Oracle Tuxedo queues illustrated

I did investigate tpacall() before and you can find more details there.

But this time I had to prepare internal presentation so I developed a small Tuxedo app for simulation and scripts for visualizing the results.

Just 2 Tuxedo servers, one calling the other, and a client program injecting the events. The application can process 10 events per second, 20 events per second are sent to the application, 100 events in total. If everything goes well application should be able to handle 100 events in 10 seconds.
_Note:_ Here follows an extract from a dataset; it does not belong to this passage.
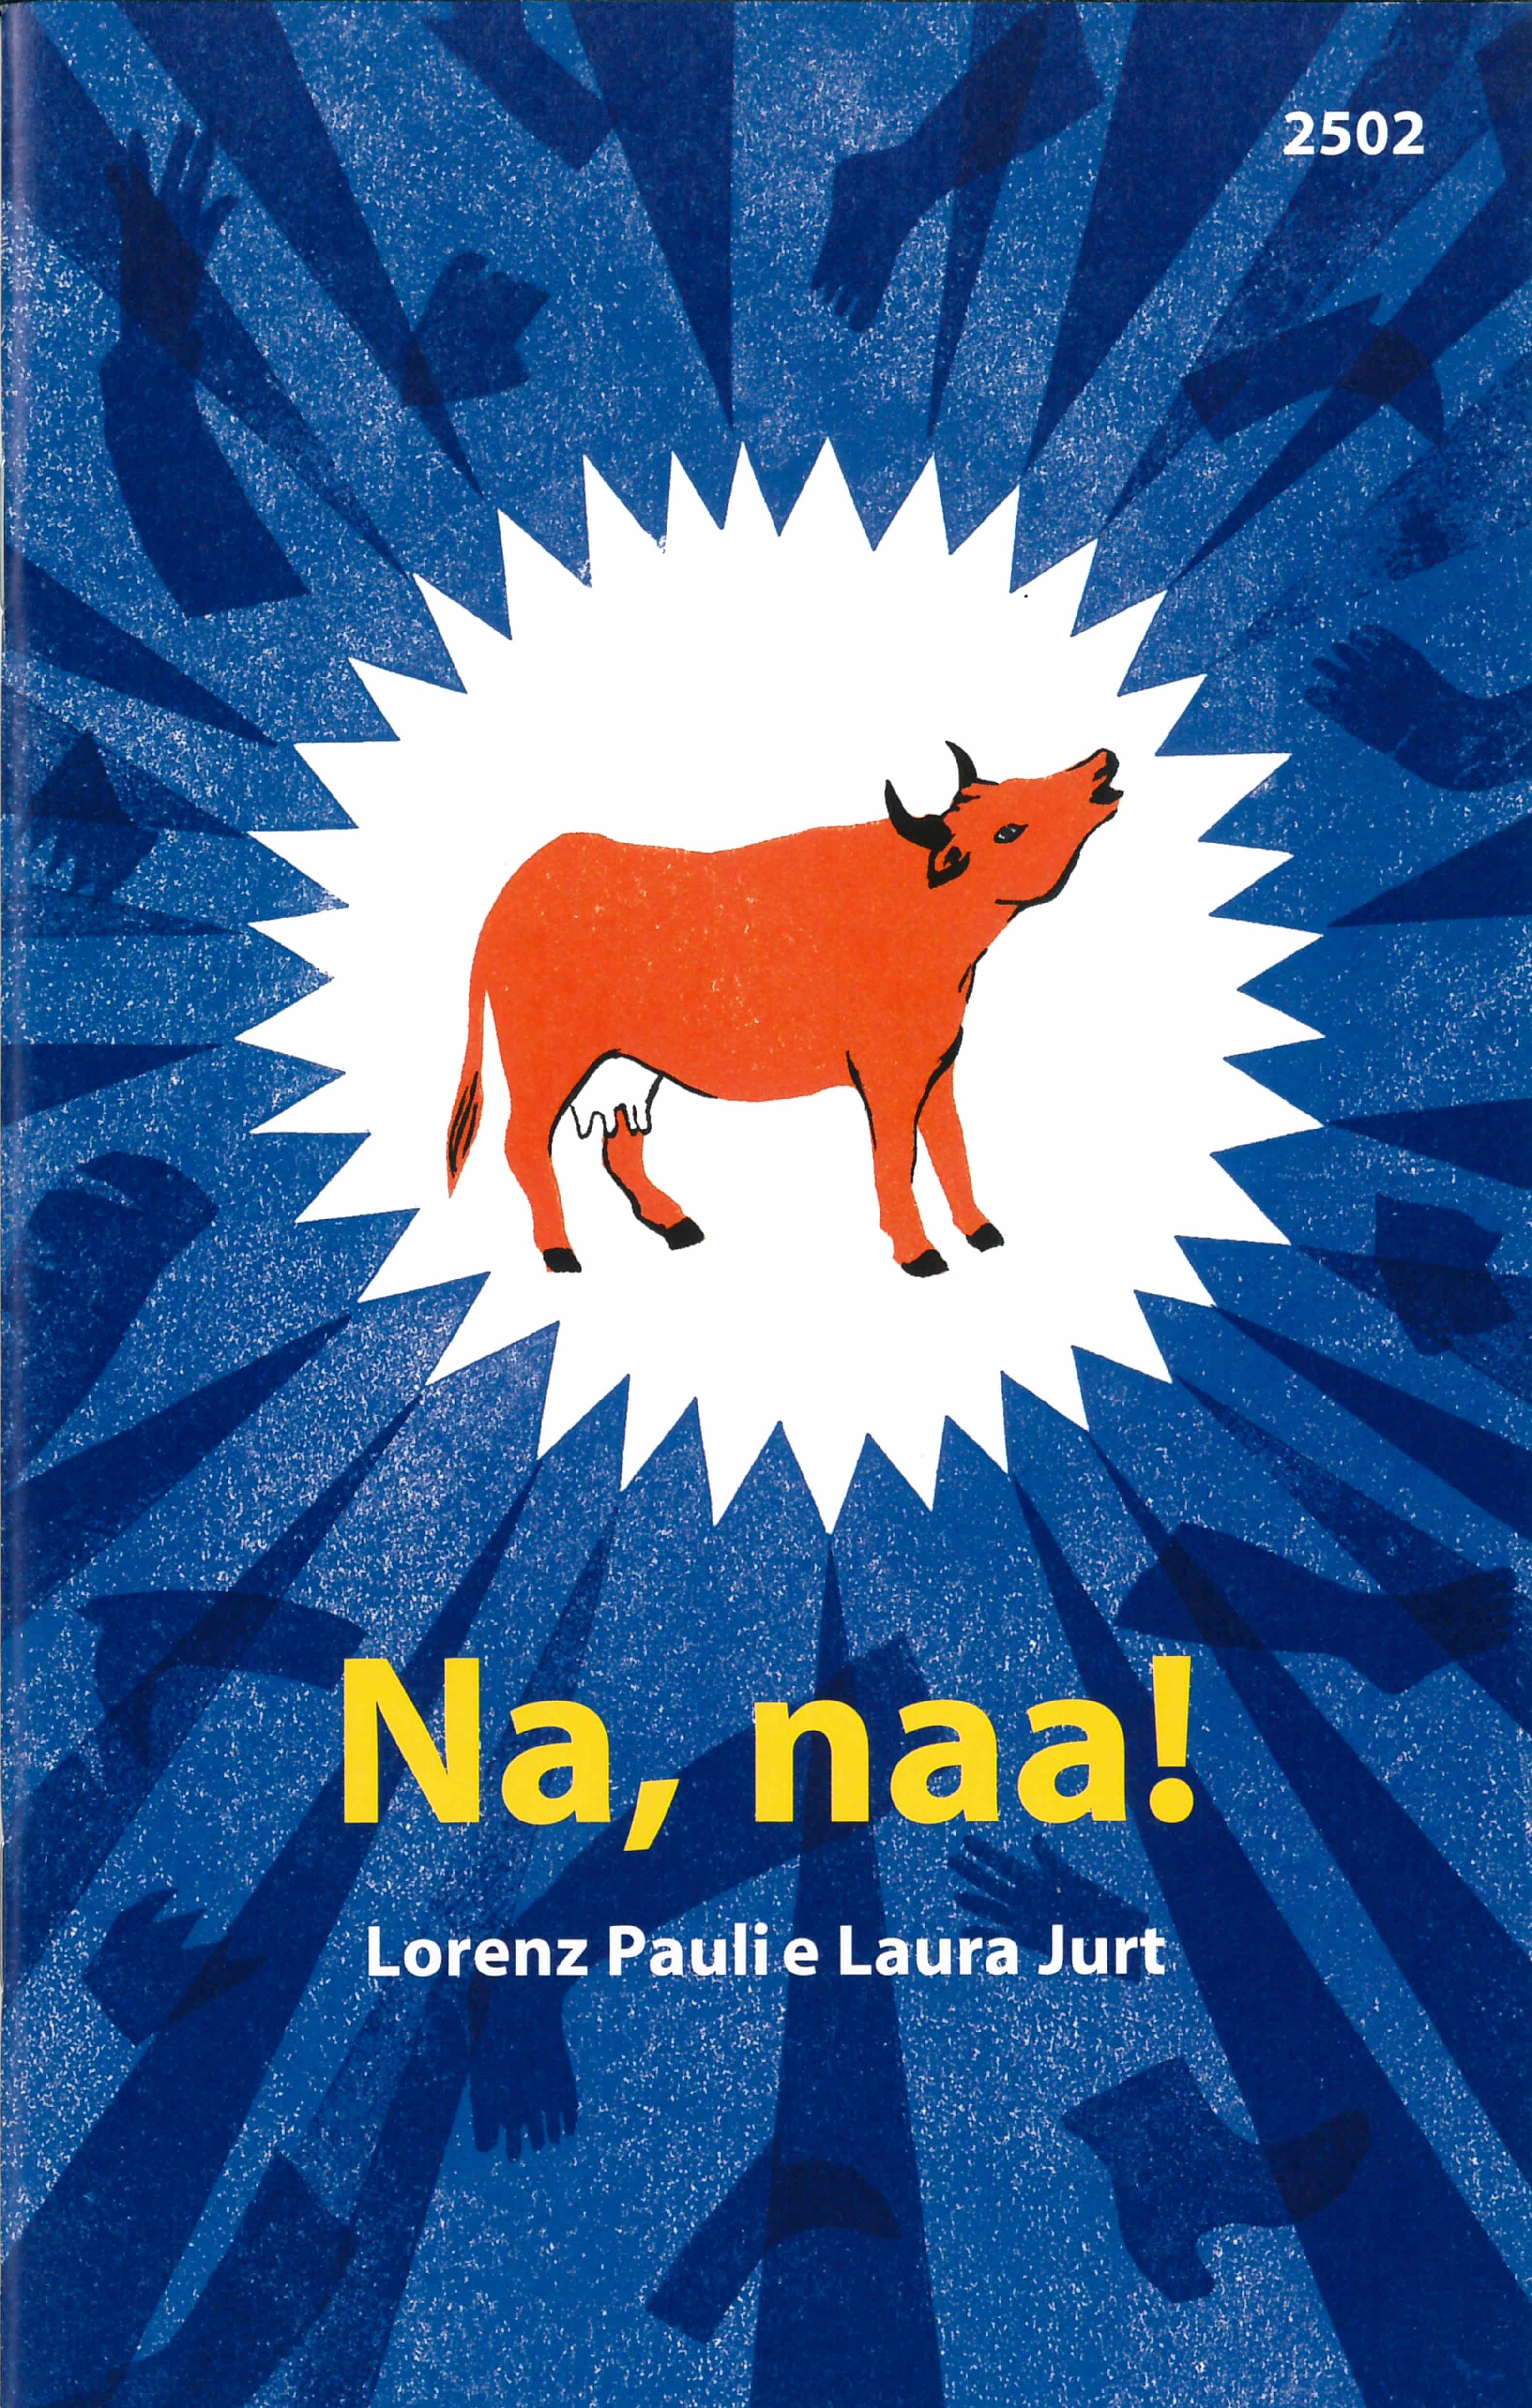 Na, Naa!, ein Kinderbuch von Lorenz Pauli, Illustration von Laura Jurt, SJW Verlag, Sprachspiele
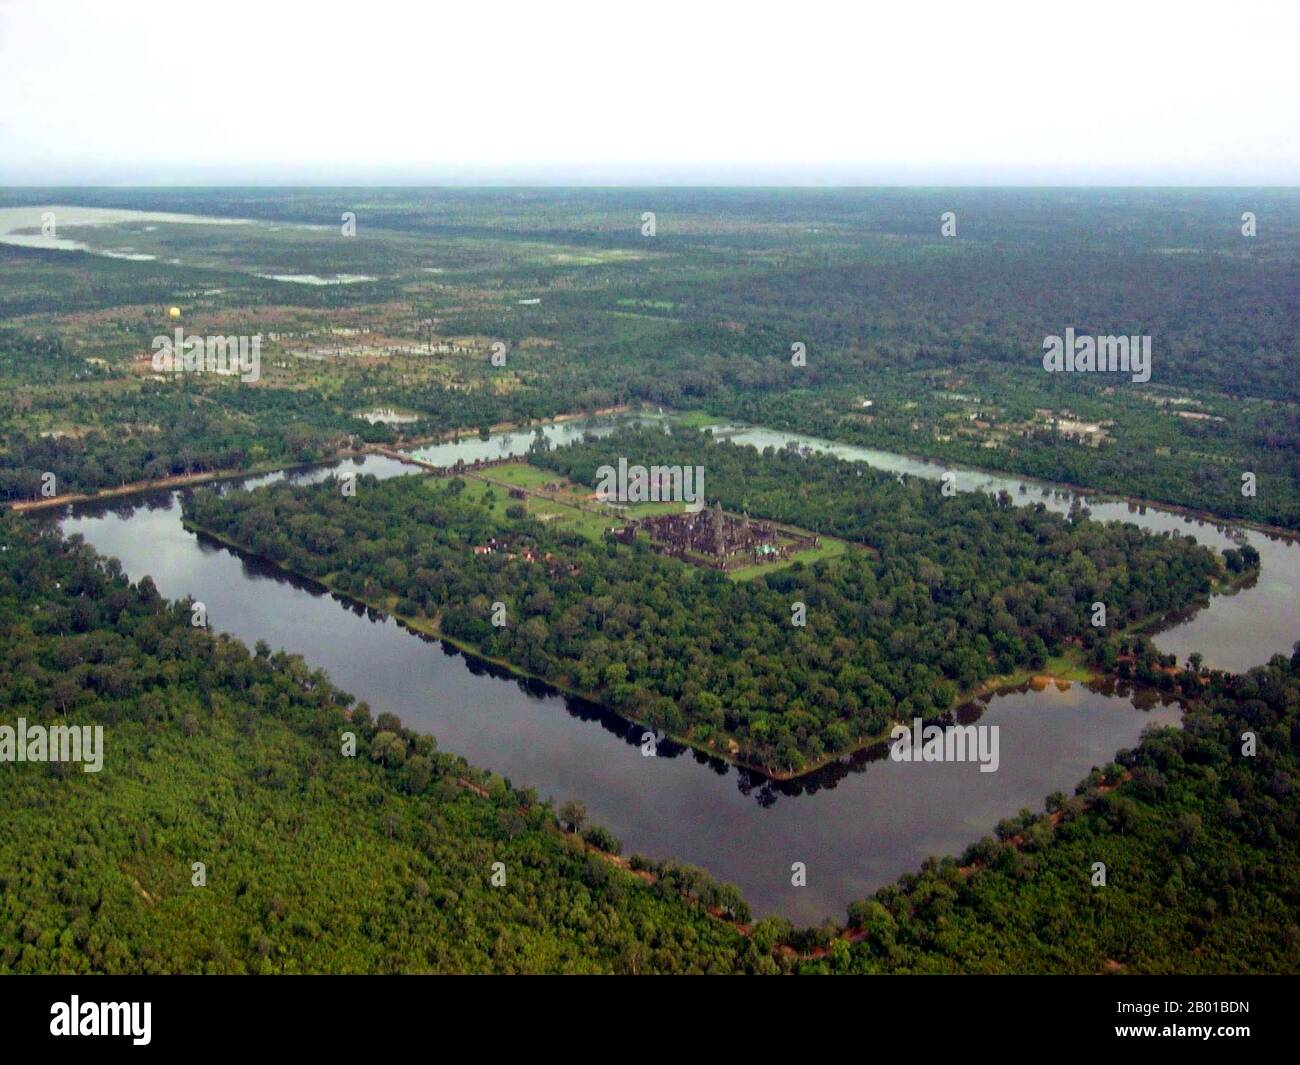 Cambogia: Angkor Wat dall'aria, compreso il fossato e la quincunx centrale o cinque torri che rappresentano il Monte Meru, la dimora indù degli dei. Foto di Charles J. Sharp (CC BY-SA 3,0 License), 2005. Angkor Wat fu costruito per il re Suryavarman II (r. 1113-1150) all'inizio del 12th ° secolo come il suo tempio di stato e capitale. Come il tempio meglio conservato del sito di Angkor, è l'unico ad essere rimasto un centro religioso significativo fin dalla sua fondazione - prima indù, dedicato al dio Vishnu, poi buddista. E' l'edificio religioso piu' grande del mondo. Foto Stock

So here we can see how Tuxedo application behaves when queues are big enough and application can buffer excess messages:

Unlimited queues

However, it goes south when queues are too small to buffer excess messages:

Limited queues

Processing time increases significantly. As I wrote before, it is due to how timeout is implemented using system calls that have no concept of timeout. The algorithm is:

  • Try to put the message in the queue in non-blocking mode of msgsnd()
  • If it fails, try to put message header (file-transfer) in the queue in non-blocking mode of msgsnd()
  • If it fails, sleep for 1 second (!)
  • Try to put message header (file-transfer) in the queue in non-blocking mode of msgsnd()
  • If it fails, sleep for 1 second (!)
  • Try to put message header (file-transfer) in the queue in non-blocking mode of msgsnd()
  • If it fails, sleep for 1 second (!)
  • Continue until either msgsnd() succeeds or blocking timeout occurs.

We can verify it by having small queues but disabling the blocking timeout by using tpacall(..., TPNOTIME):

Limited queues

If you want your application to run smoothly, increase your queues, and consider using TPNOTIME where possible.